— Я лишь исполняю долг, возложенный на меня моими братьями, сын мой. Все мы представляем собою лишь звенья длинной цепи, и звенья эти должны быть крепки, чтобы цепь не разорвалась. Но помимо того я испытываю искреннюю радость, что имею возможность посвятить тебя в нашу веру и зажечь в твоем сердце священное пламя. Скажи мне, Натан, не изменил ли ты своего решения принять крещение и поступить для дальнейшего обучения в одну из наших семинарий?

— Я твердо решил поступить так и готов бежать сегодня же с вами, отец Леони, если вы только пожелаете.

— Не от моего желания все зависит, а от воли моих руководителей. Они позовут нас, когда настанет время. Но хватит ли у тебя мужества бросить все, что до сих пор тебе было дорого?
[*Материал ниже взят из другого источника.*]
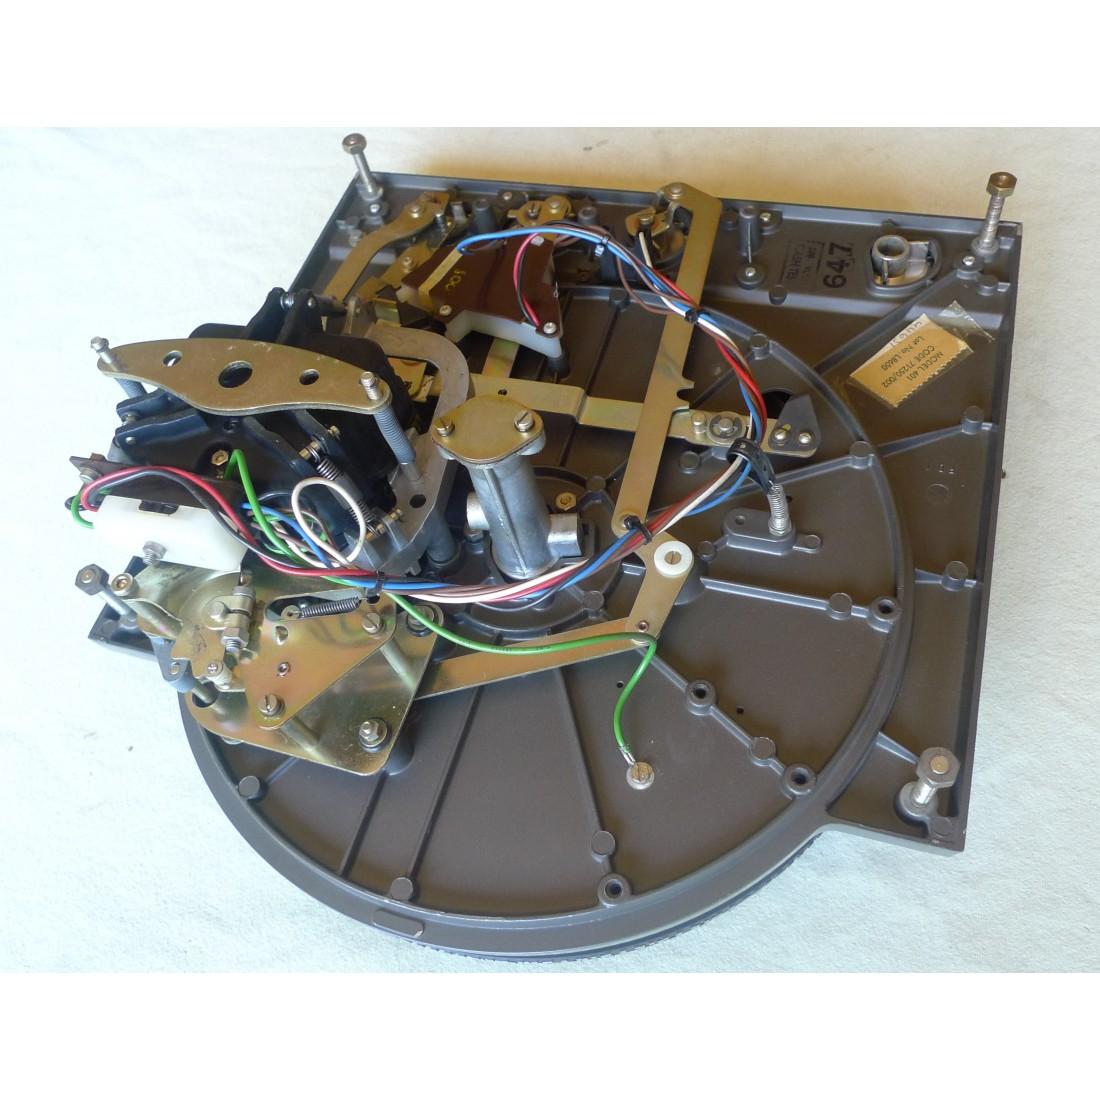 Vinyle Galet : Platine vinyle garrard vintage entrainement par galet
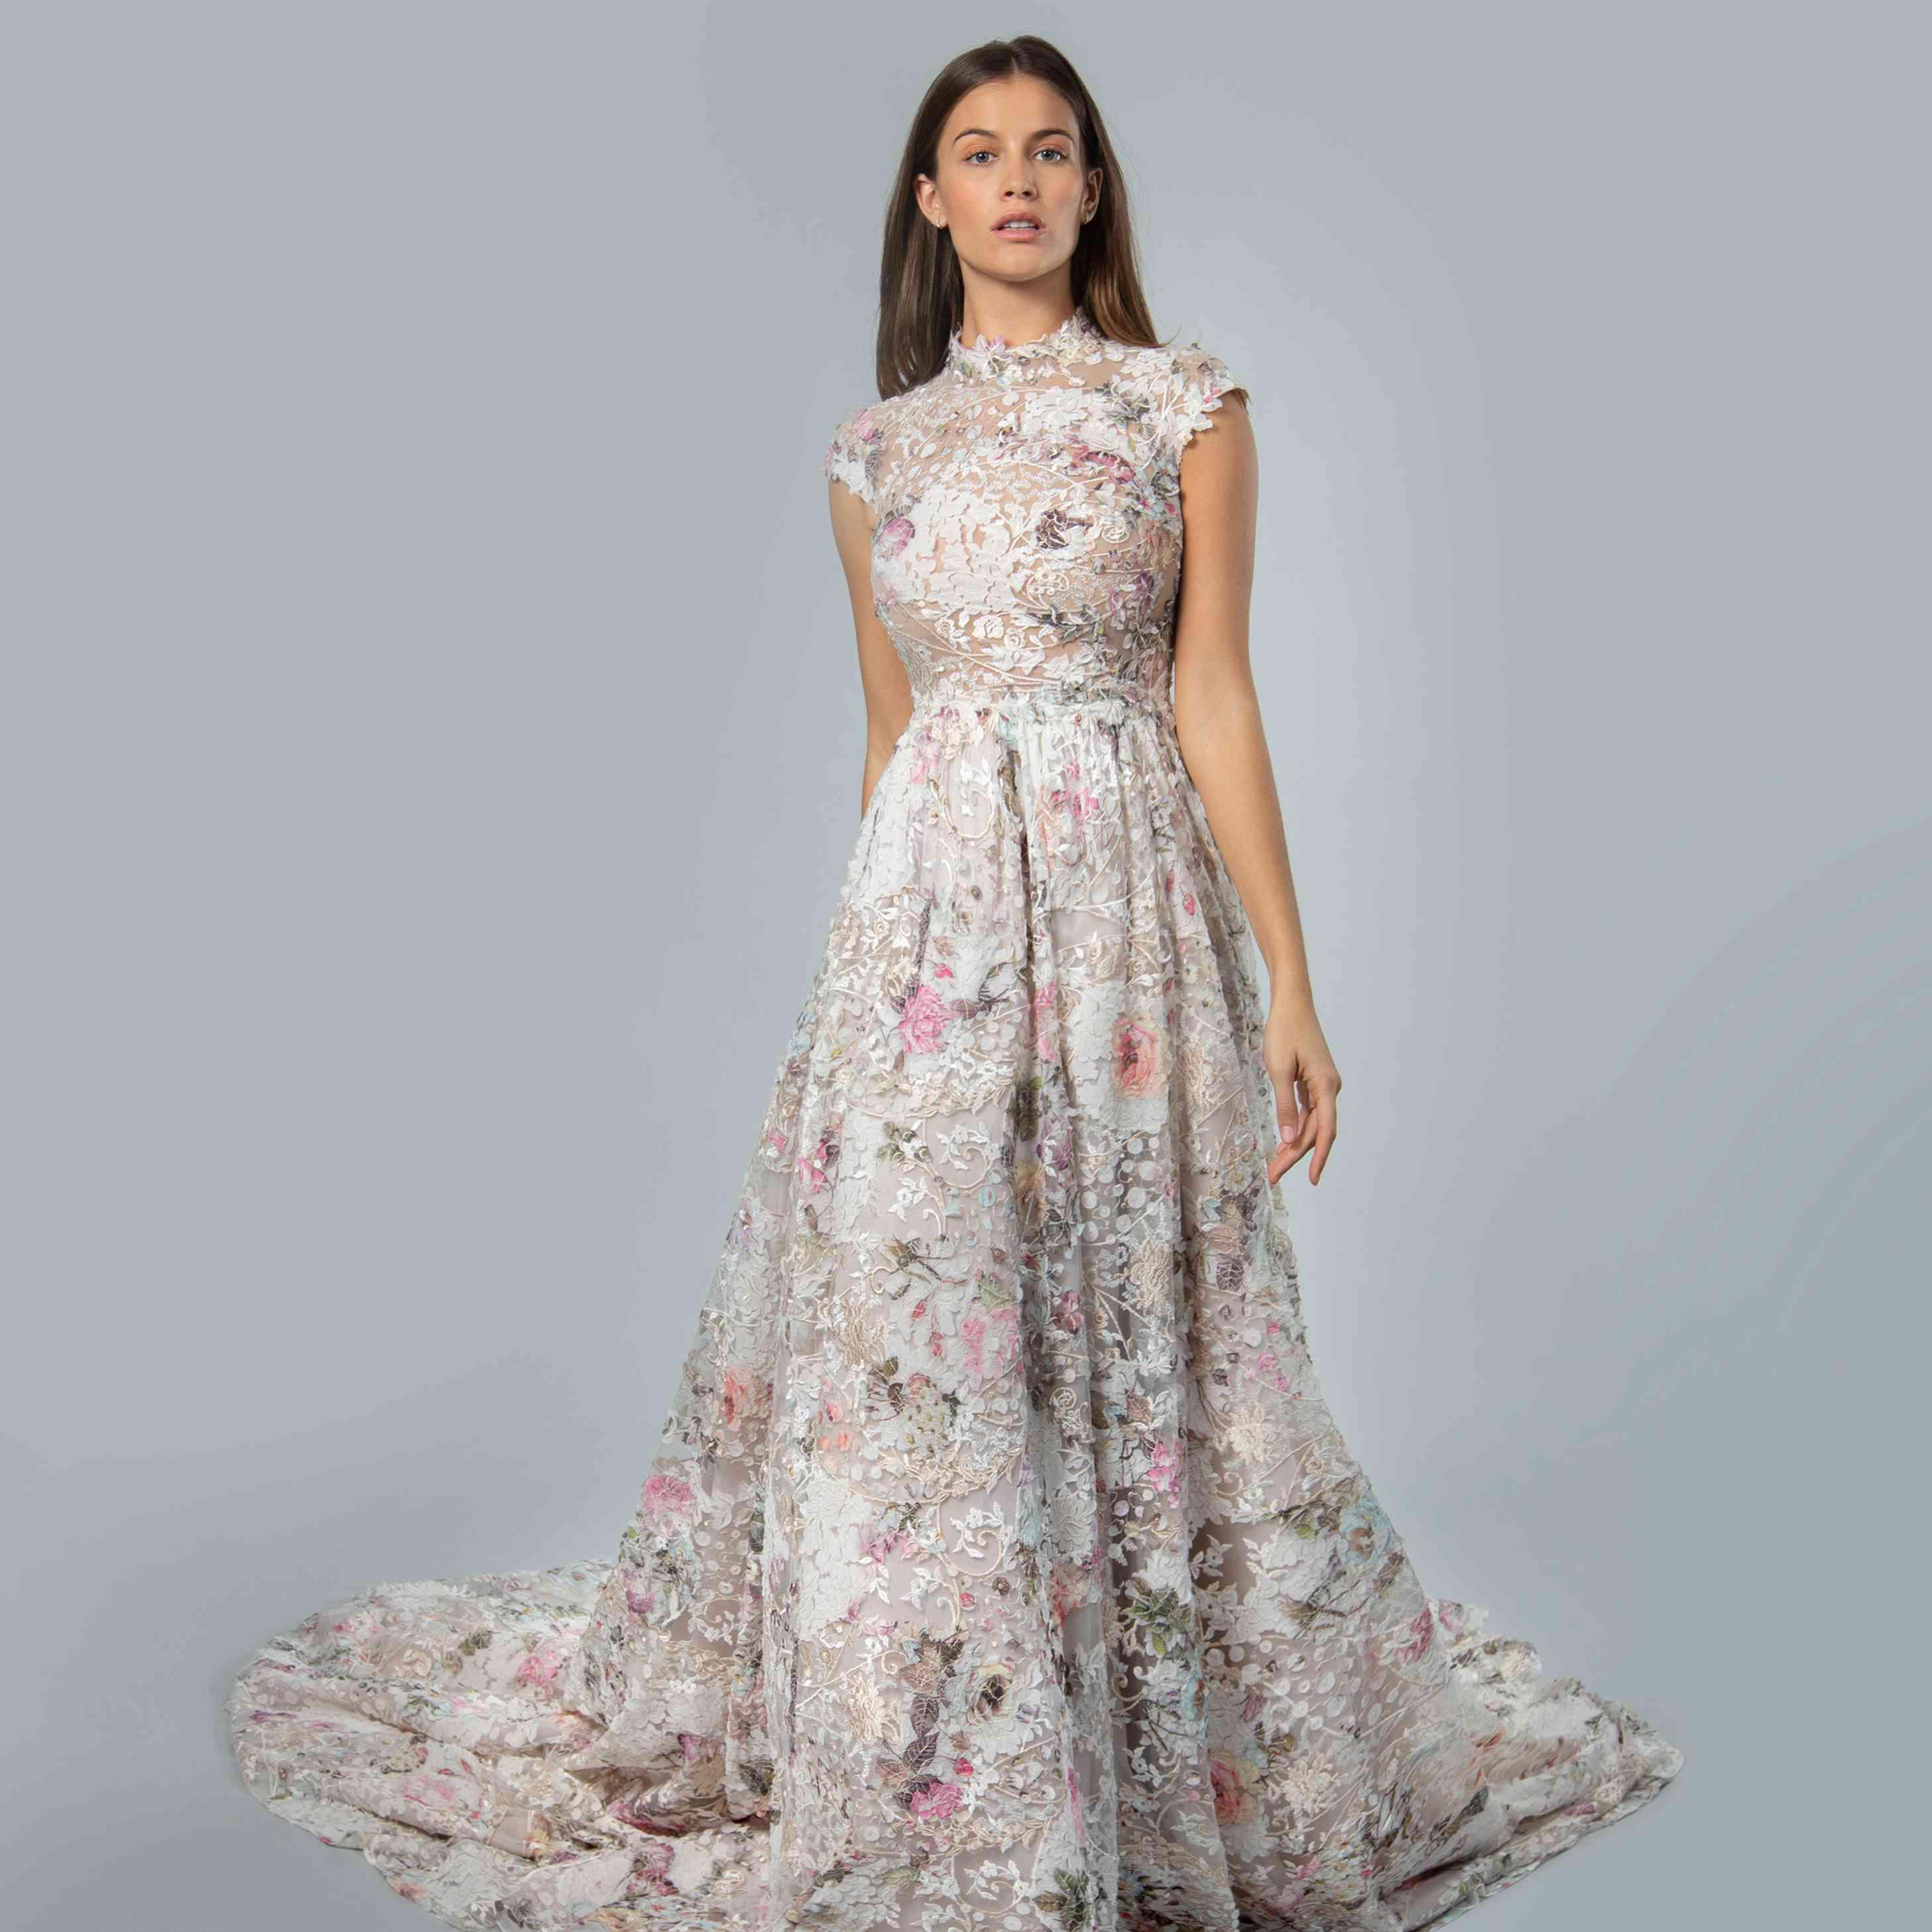 Model in mock neckline floral ball gown

— Я сожалею лишь о моей сестре Розе, — ответил Натан. — Я каждую ночь плачу при мысли о том, что мне придется оставить сестру в доме отца, которого я ненавижу за его бесчестные дела.

— Она найдет свой путь, — отозвался отец Леони, — а теперь прекратим нашу беседу. Твой отец поручил мне спешную и трудную работу. Я исполняю ее с отвращением, так как подозреваю, что здесь скрывается новая подлость, новое преступление.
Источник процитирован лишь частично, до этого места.